Петренко нервно заелозил на стуле, но сдержался и промолчал. Коляда сурово насупился и принялся носком сапога растирать невидимый окурок.
– Господа, я вас сюда пригласил не обсуждать приказы, а выполнять! – резко оборвал ропот подчиненных Штайн. Офицеры моментально смолкли и подтянулись, и он продолжил: – Задача действительно не из легких. Мы потеряли под Туапсе и Поти пять групп, но наши потери не напрасны: теперь нам известна обстановка в районе предстоящей операции, а это почти половина успеха.
– В этом вы абсолютно правы, господин обер-лейтенант, но вопрос заключается в том, с кем выполнять задачу адмирала, – уныло произнес Райхдихт.
– Им, конечно, в Берлине виднее. Лучше бы парочку хороших подрывников прислали, – с сарказмом заметил Рейхер.
– А к ним в придачу «волкодавов» из батальона «Бергман». Им только дай красным глотки погрызть. Почти месяц целая рота торчит в Керчи и изнывает от безделья! – поддержал его Петренко.
– Исключено! И в Берлине, и у капитана Оберлендера своих дел по горло, надо рассчитывать только на себя, – положил конец разговорам Штайн. – Поэтому, господа, требую немедленно просеять все группы курсантов, особенно ту, что готовит господин Петренко – у них за плечами почти месяц подготовки, – и отобрать восемь – десять самых надежных кандидатов…
– Предположим, мы найдем подходящих. А где взять командира группы? По крайней мере, среди курсантов я такого не вижу, – мрачно обронил Самутин.
Его дружно поддержали остальные. Штайн промолчал, встал из-за стола, несколько раз прошелся по комнате и, внезапно остановившись, объявил:
– Все, господа, пора действовать! Исходя из важности задачи и крайне жесткого срока, установленного для ее выполнения, я полагаю, что группу возглавит… – Он сделал долгую паузу и задумался.
Пауза большинству присутствующих показалась вечностью. Все они хорошо понимали, что значит выполнить задание адмирала Канариса в нынешних условиях – это равносильно самоубийству. Будущему руководителю группы предстоит стать шестым в очередном «черном» списке тех, кто ушел с заданием под Туапсе и назад не вернулся. Подобно гигантской воронке, тихая туапсинская бухта втягивала в себя все группы диверсантов, включая две группы аквалангистов, назад она уже никого не выпускала.

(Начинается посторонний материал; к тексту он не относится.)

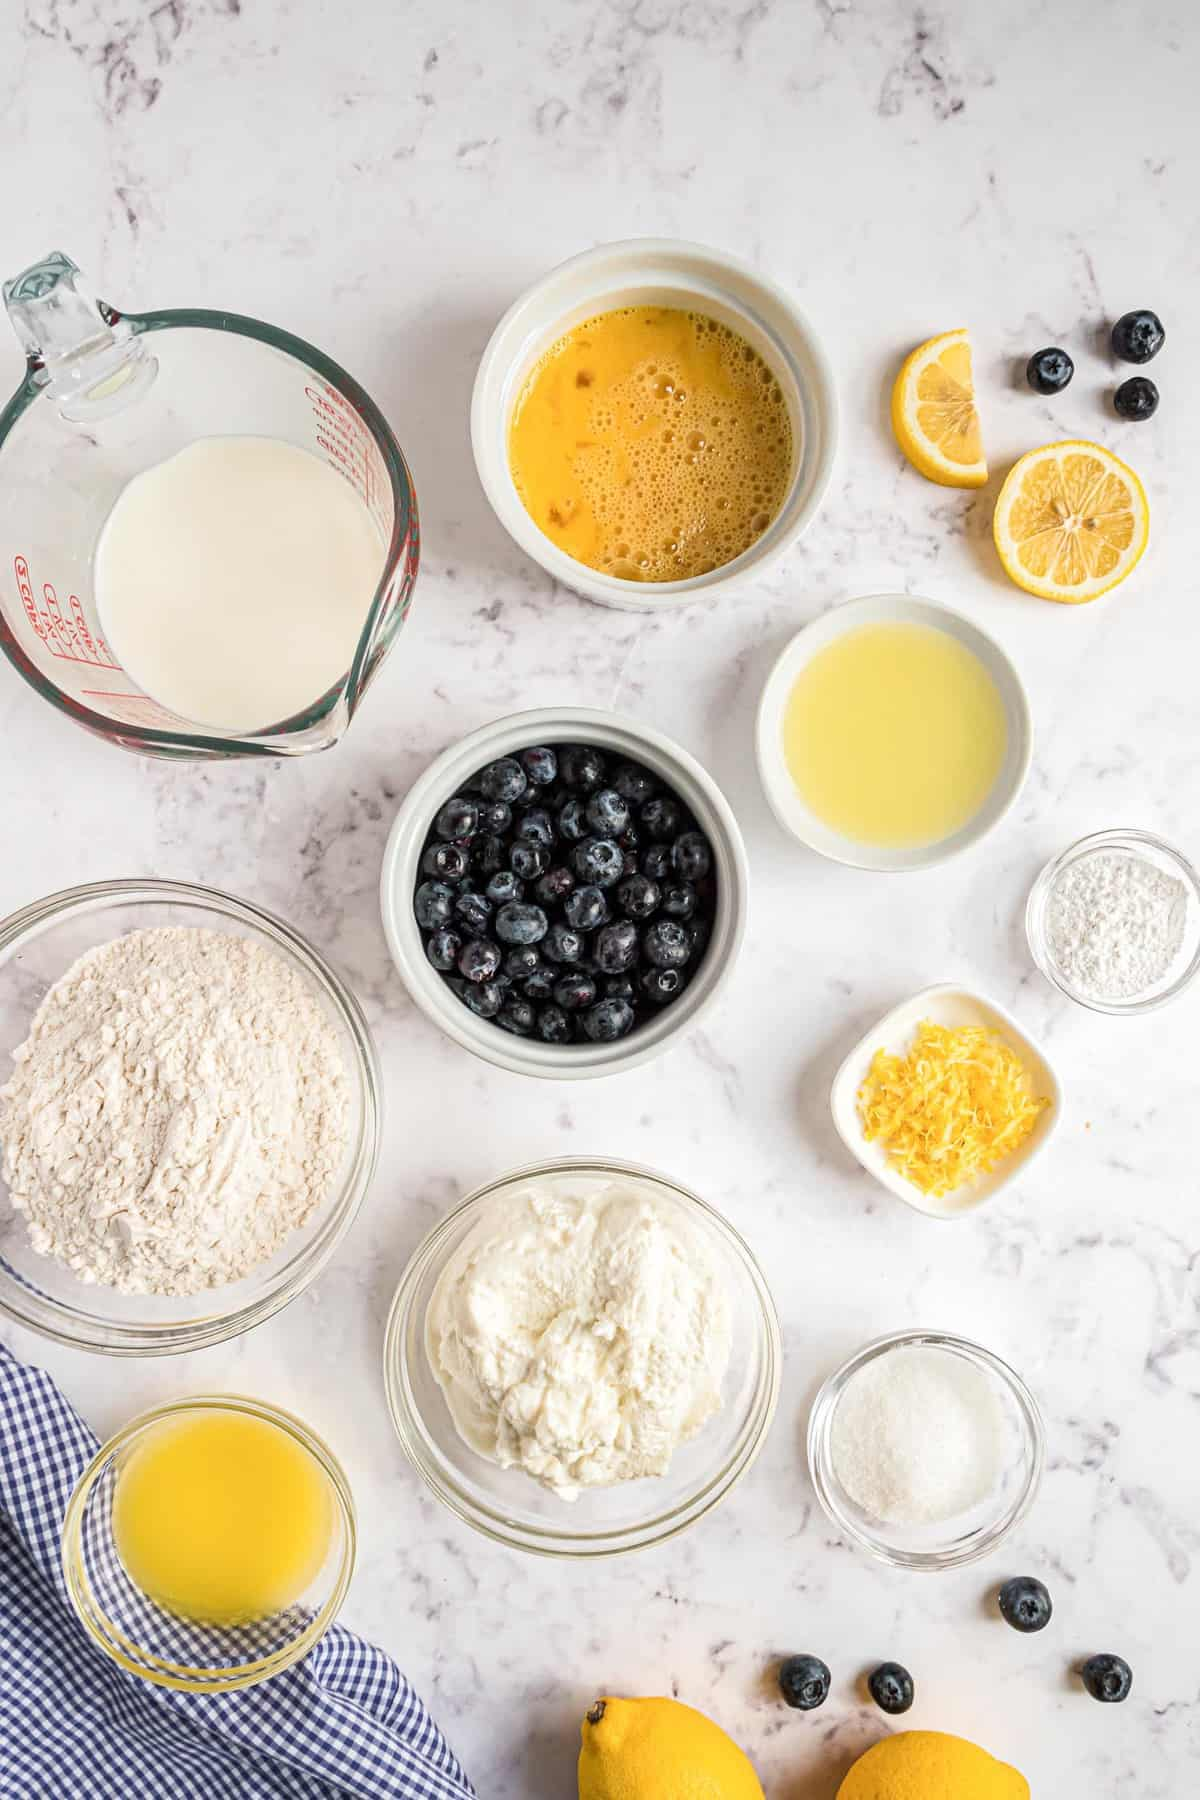 Overhead view of ingredients to make lemon blueberry ricotta pancakes.

«Самутин… – Штайн остановил на нем свой взгляд. Тот дернулся, в его глазах промелькнула неясная тень. – Люто ненавидит Советы. И есть за что. Лишили всего – обширного поместья в Полтавской области, чинов и званий. В девятнадцатом прибился к Петлюре – решил отыграться на большевиках. Прославился тем, что в Екатеринославе и Запорожье вешал на фонарных столбах без разбору и правых, и левых. Затем служил в контрразведке барона Врангеля, с особым садизмом пытал в севастопольских казематах красных лазутчиков. После разгрома войсками “красного Наполеона” –
Бывший старший лейтенант Красной Армии подался вперед, его глаза загорелись лихорадочным блеском.
«Красный командир… В твоем послужном списке дерьма с головой хватает. Виселица у большевиков тебя давно заждалась, – размышлял обер-лейтенант. – В январе сорок второго добровольно сдался в плен. На сотрудничество пошел по своей воле. После вербовки и спецподготовки совершил две командировки в тыл врага. Один раз руководителем разведгруппы. Отработал прекрасно, добыл серьезную тактическую информацию. Получил награду от самого Пиккенброка, правой руки Канариса. Достаточно сносно говорит по-немецки, но это сейчас к делу не относится. Добился неплохих результатов в работе с курсантами, некоторые из них до сих пор работают в тылу у русских. Сейчас готовит спецгруппу для заброски на «глубокое оседание» в Грузии. Материал неплохой, не то что последние отбросы, пять-шесть вменяемых из этих азиатских недоумков всегда можно набрать, а Грузия пока подождет. Своих курсантов ты за месяц, надеюсь, хорошо изучил, а раз так, то, как говорится, тебе и карты в руки. Вижу, из кожи лезешь, чтобы выслужиться, вот и шанс подвернулся. В случае успеха – звание лейтенанта, Железный крест, а то и с дубовыми листьями, и служба в центральном аппарате. Какому русскому Ивану такое могло присниться?!»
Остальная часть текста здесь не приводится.